LLMs can compliment the Static analysis sweetspot (Generic defects - Visible in the code)
- "SAST tools often rely on predefined patterns and rules, which can result in high false-positive rates and an inability to detect novel or context-dependent vulnerabilities" per ref.
- Additional context can be given to LLMs to improve their performance e.g. vulnerability reports on similar code LSAST: Enhancing Cybersecurity through LLM-supported Static Application Security Testing
How to use LLMs and SAST Tools Together¶
LLMs can be used with Code Analysis Tools in different ways:
- Create a formatted report of findings:
- this is more an editorial activity - not code analysis
- Utilising LLMs for False Positive Mitigation (FPM) on SAST Warnings:
- Traditional SAST tools often generate a high volume of false positive alerts, which can be time-consuming and resource-intensive for developers to manually review.
- LLMs can be integrated to automate this false positive mitigation process
- Direct Integration of SAST Results with LLMs:
- SAST tools provide initial insights into known vulnerabilities based on predefined rules and patterns. Their findings, including details like CWE IDs and line numbers, can be formatted and directly incorporated into the prompts provided to LLMs alongside the target code.
- This approach, referred to as "RAW LSAST," has been shown to significantly enhance the LLM’s ability to detect vulnerabilities that static scanners alone might miss, thereby improving overall detection accuracy
- Independently look for issues
- e.g. using an analysis of CPGs.
- Actively exercise the code by creating or guiding test cases.
Quote
While traditional tools like Bandit are valuable, our results show that LLMs provide a complementary advantage by analyzing fragmented and non-compilable code and detecting complex vulnerability patterns that existing tools may miss. Additionally, the ability of LLMs to generate security tests adds a useful layer of verification, potentially enhancing the accuracy of vulnerability assessments.
Quote
Our findings indicate that SAST tools exhibit low vulnerability detection ratios while maintaining a low marked function ratio, akin to a low false positive rate. In contrast, LLMs demonstrate high vulnerability detection ratios but are accompanied by elevated marked function ratios (akin to high false positive rates). Through ensemble approaches, we demonstrate that combining SAST tools and LLMs mitigates their respective limitations, resulting in improved overall vulnerability detection performance.
Quote
Analysis reveals that the optimal approaches differ across programming languages. The best choice will depend on the user’s acceptance of the trade-off between detection ratios and marked function ratios.
Quote
The reasoning-oriented models consistently produced fewer false positives, suggesting that their internal steps for “validating” potential vulnerabilities lead to more precise outcomes.

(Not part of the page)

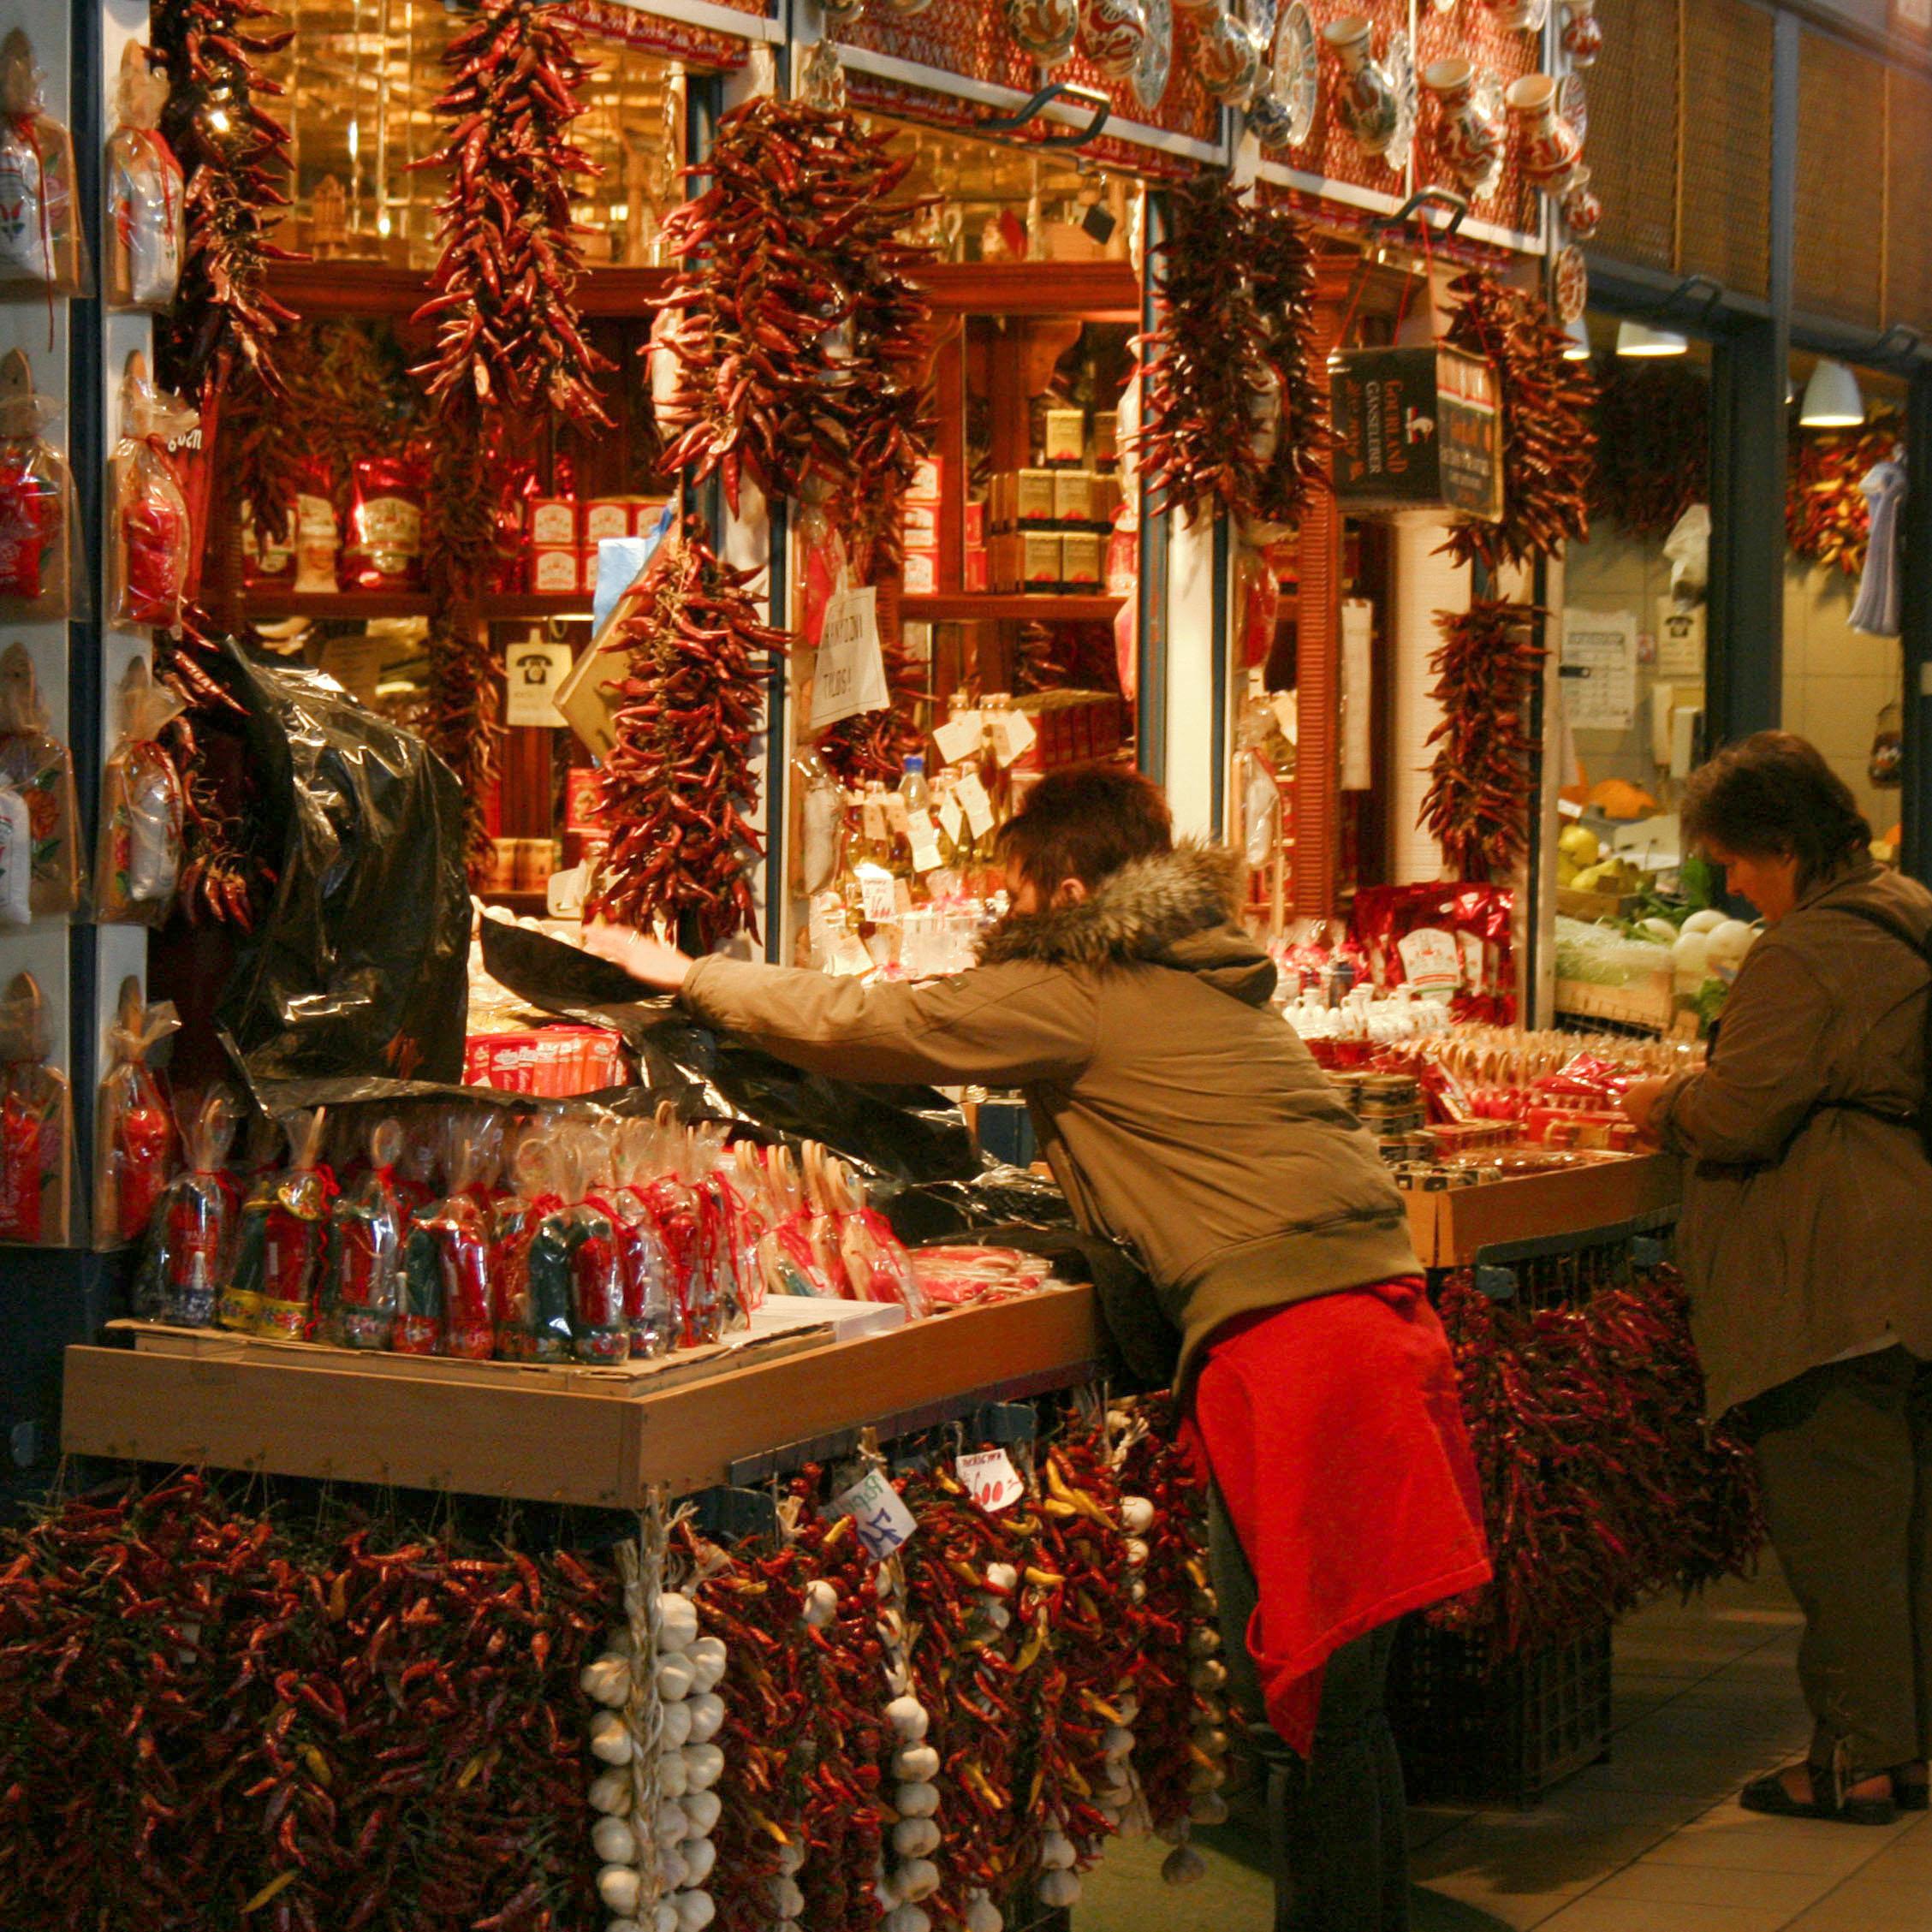 paprika-vendor-budapest-big-hall

CASTLE: Benchmarking Dataset for Static Code Analyzers and LLMs towards CWE Detection
Code Context¶
A challenge with using LLMs is to get the precise and complete code context to the LLM as described in Utilizing Precise and Complete Code Context to Guide LLM in Automatic False Positive Mitigation. They developed a tool to extract this code context.
Quote
- First, we propose a line-level precise code slicer eCPG-Slicer. It constructs an extended Code Property Graph (eCPG) and then extracts line-level code context related to the warning within the given files.

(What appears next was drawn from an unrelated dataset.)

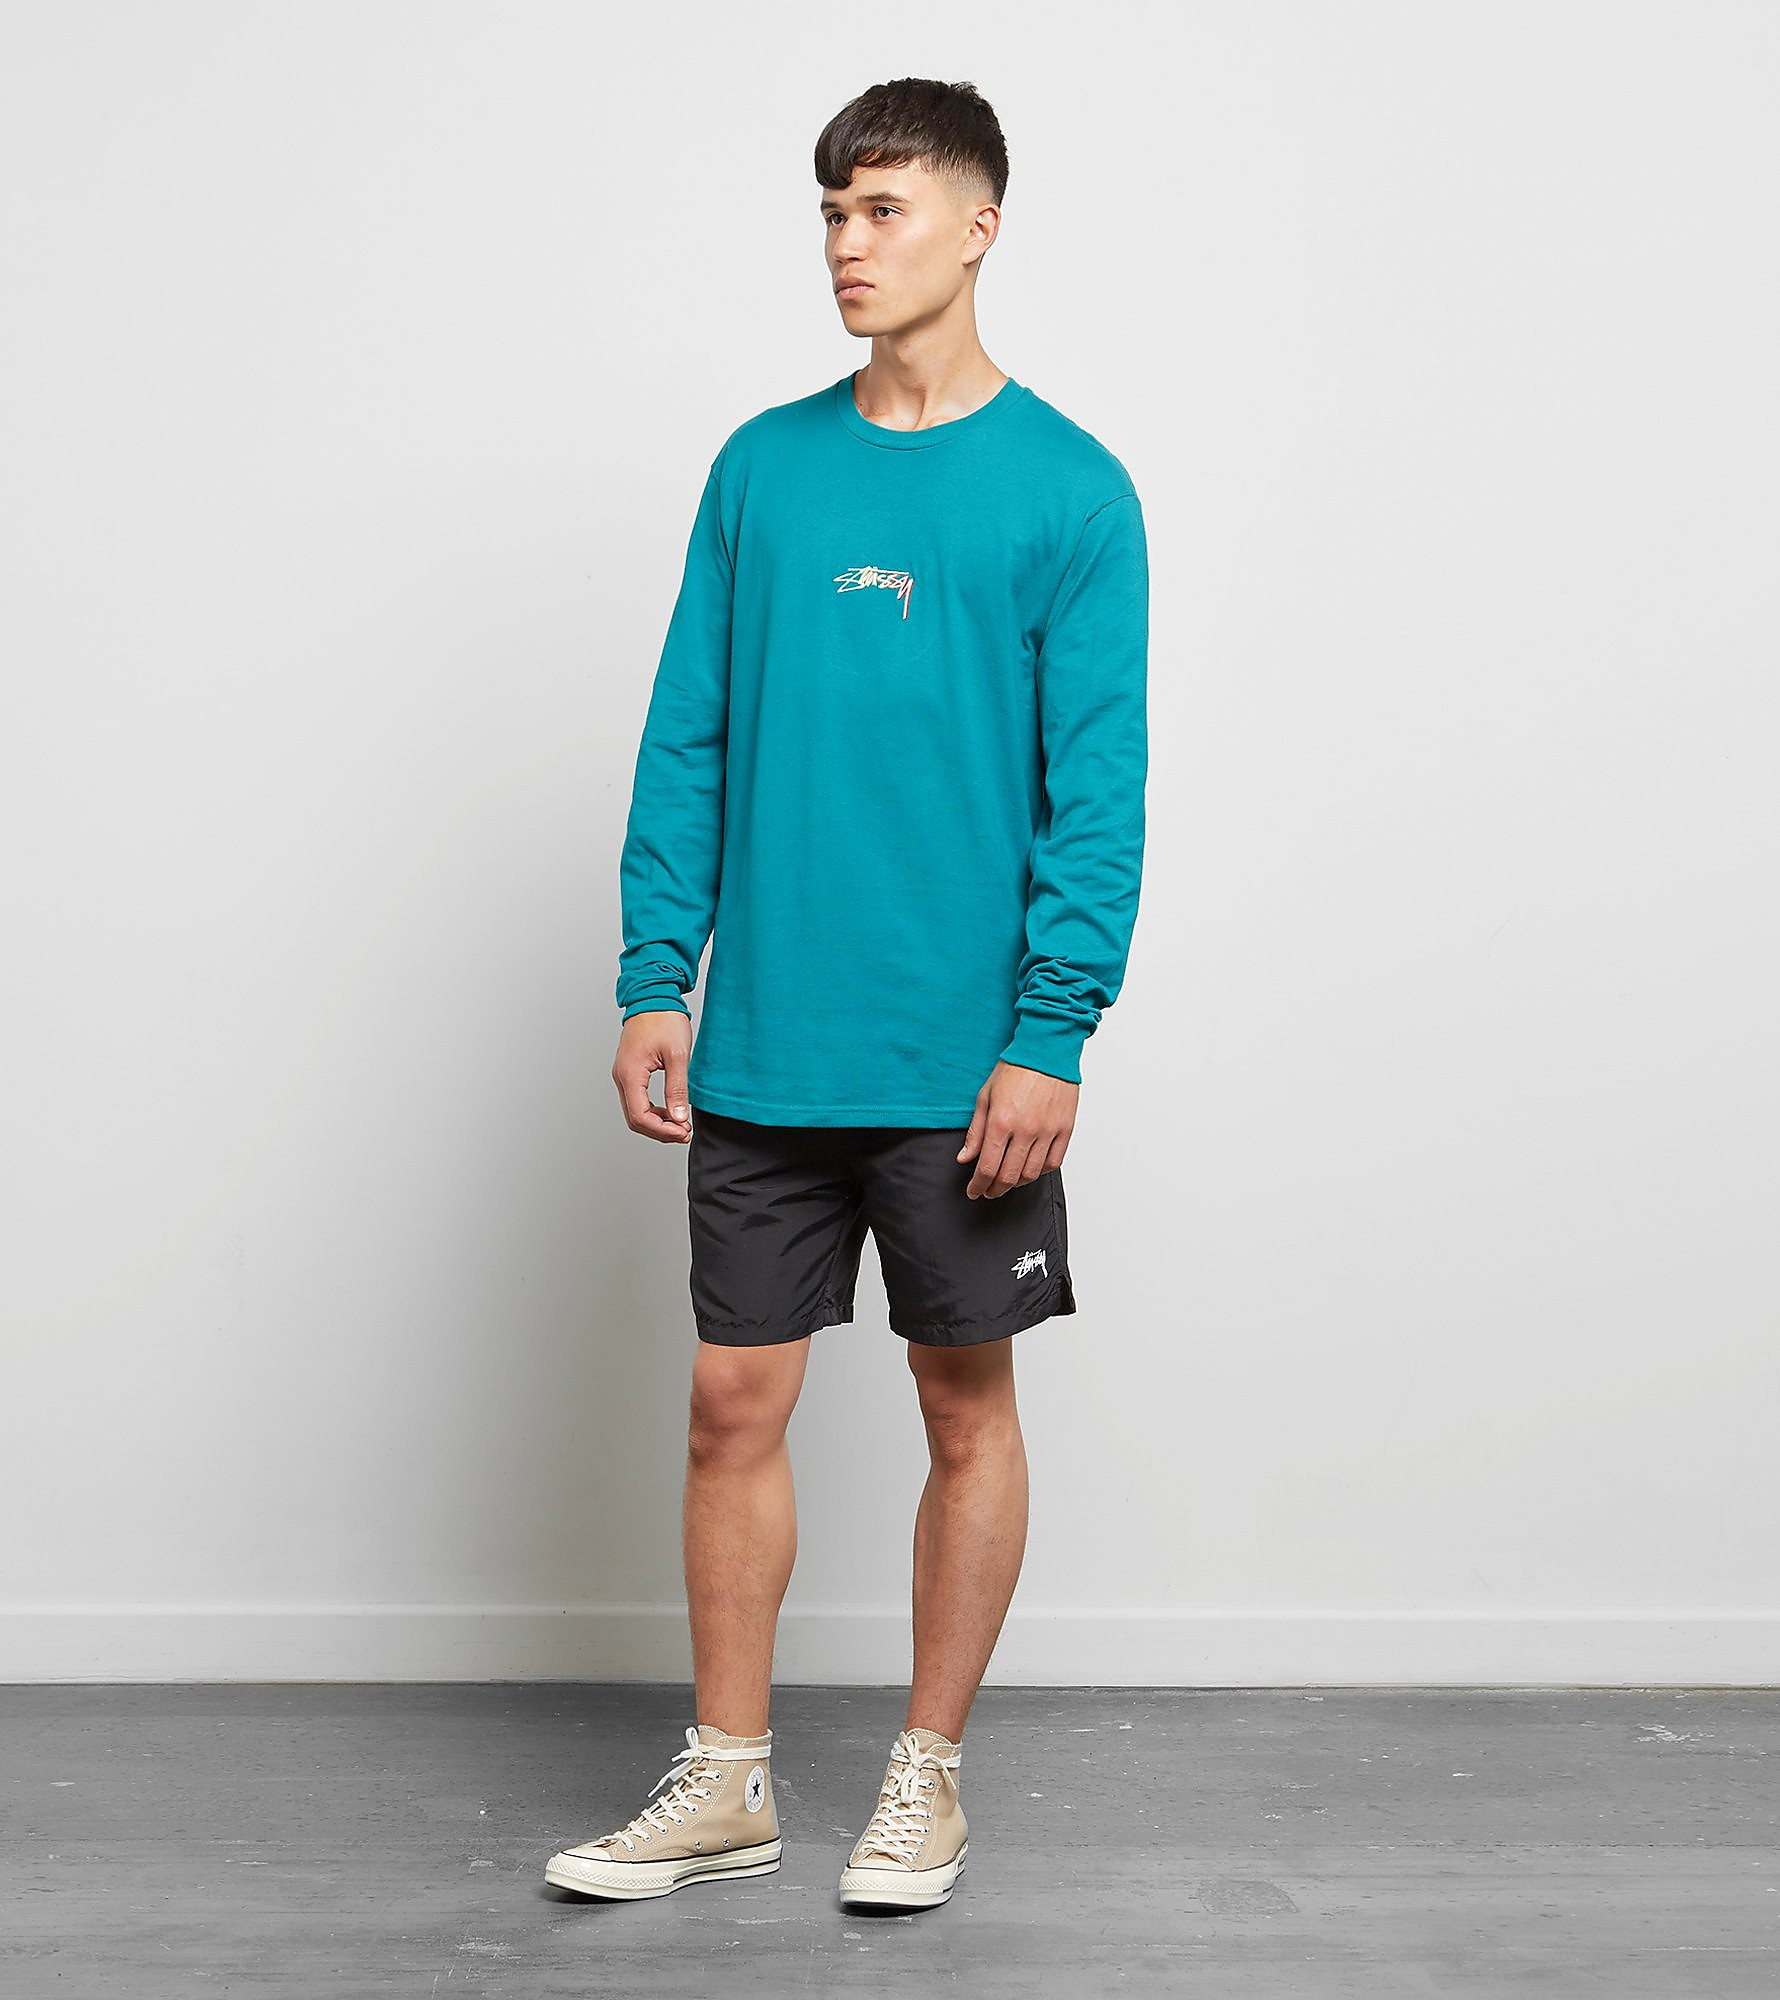 Stussy Long Sleeved Stock T-Shirt

- Second, we propose a linear complexity algorithm, FARF, which is used to identify source files that have dependencies related to a warning, enabling the slicer to extract the complete code context.

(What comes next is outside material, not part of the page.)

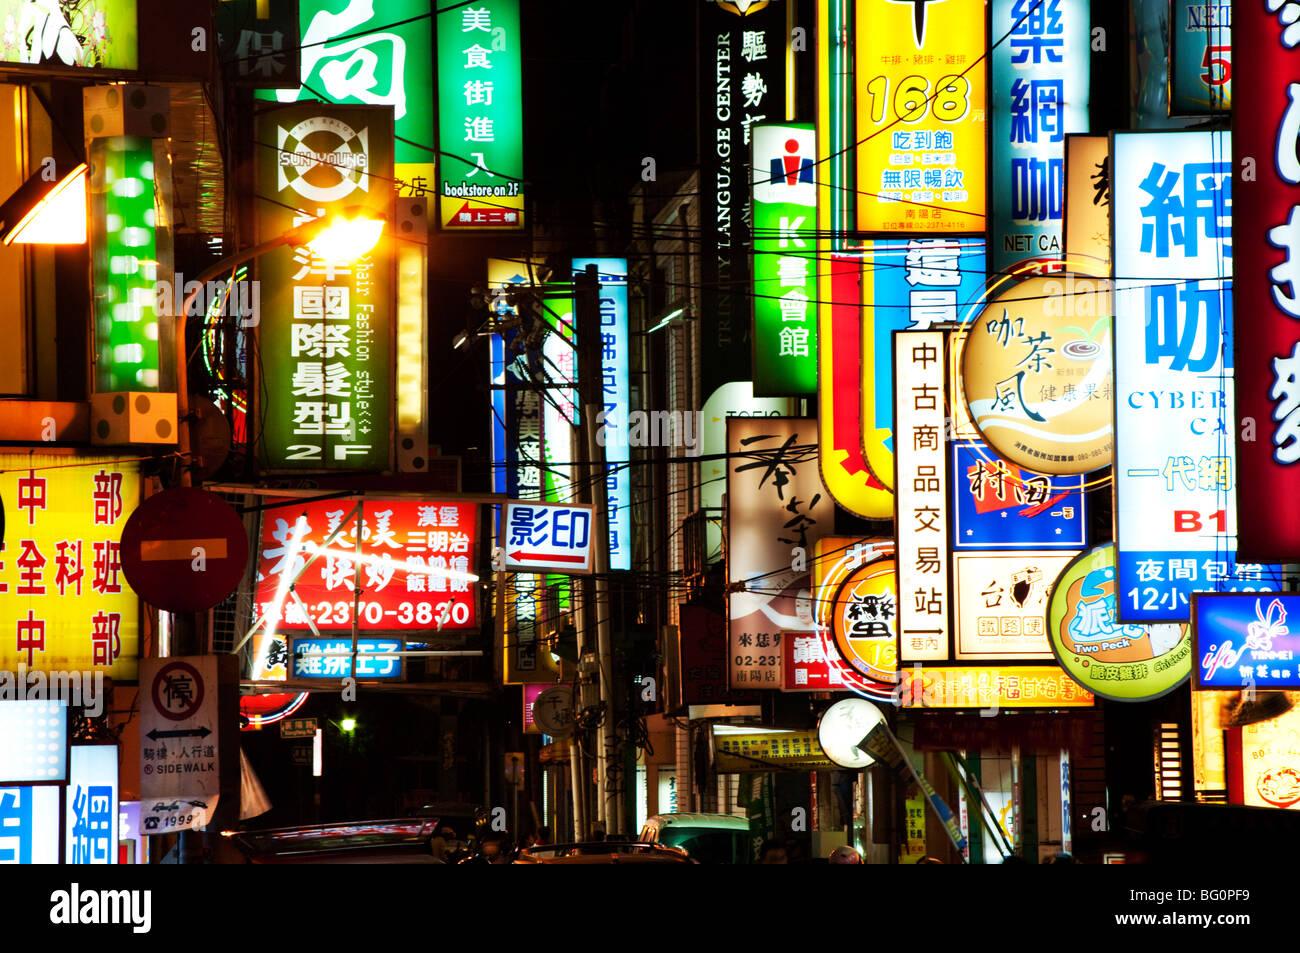 Enseignes lumineuses la nuit, Taipei, Taïwan, l'Asie Photo Stock

- Third, we integrate our eCPG-Slicer and FARF algorithm into our LLM4FPM framework. LLM4FPM can efficiently drive LLMs to give judgements for a given warning generated by SAST tools.
Note
The source code for these does not appear to be publicly available But Joern is an open source solution used for such purposes.
Quote
A code property graph of a program is a graph representation of the program obtained by merging its abstract syntax trees (AST), control-flow graphs (CFG) and program dependence graphs (PDG) at statement and predicate nodes. https://en.wikipedia.org/wiki/Code_property_graph
Quote
Joern is a platform for analyzing source code, bytecode, and binary executables. It generates code property graphs (CPGs), a graph representation of code for cross-language code analysis. Code property graphs are stored in a custom graph database. https://github.com/joernio/joern
Quote
- Precise Code Context. The extracted code snippet should focus on control flows and data flows relevant to the warning, capturing the precise code context while omitting unnecessary parts that might distract the LLM and lead to incorrect or ambiguous conclusions.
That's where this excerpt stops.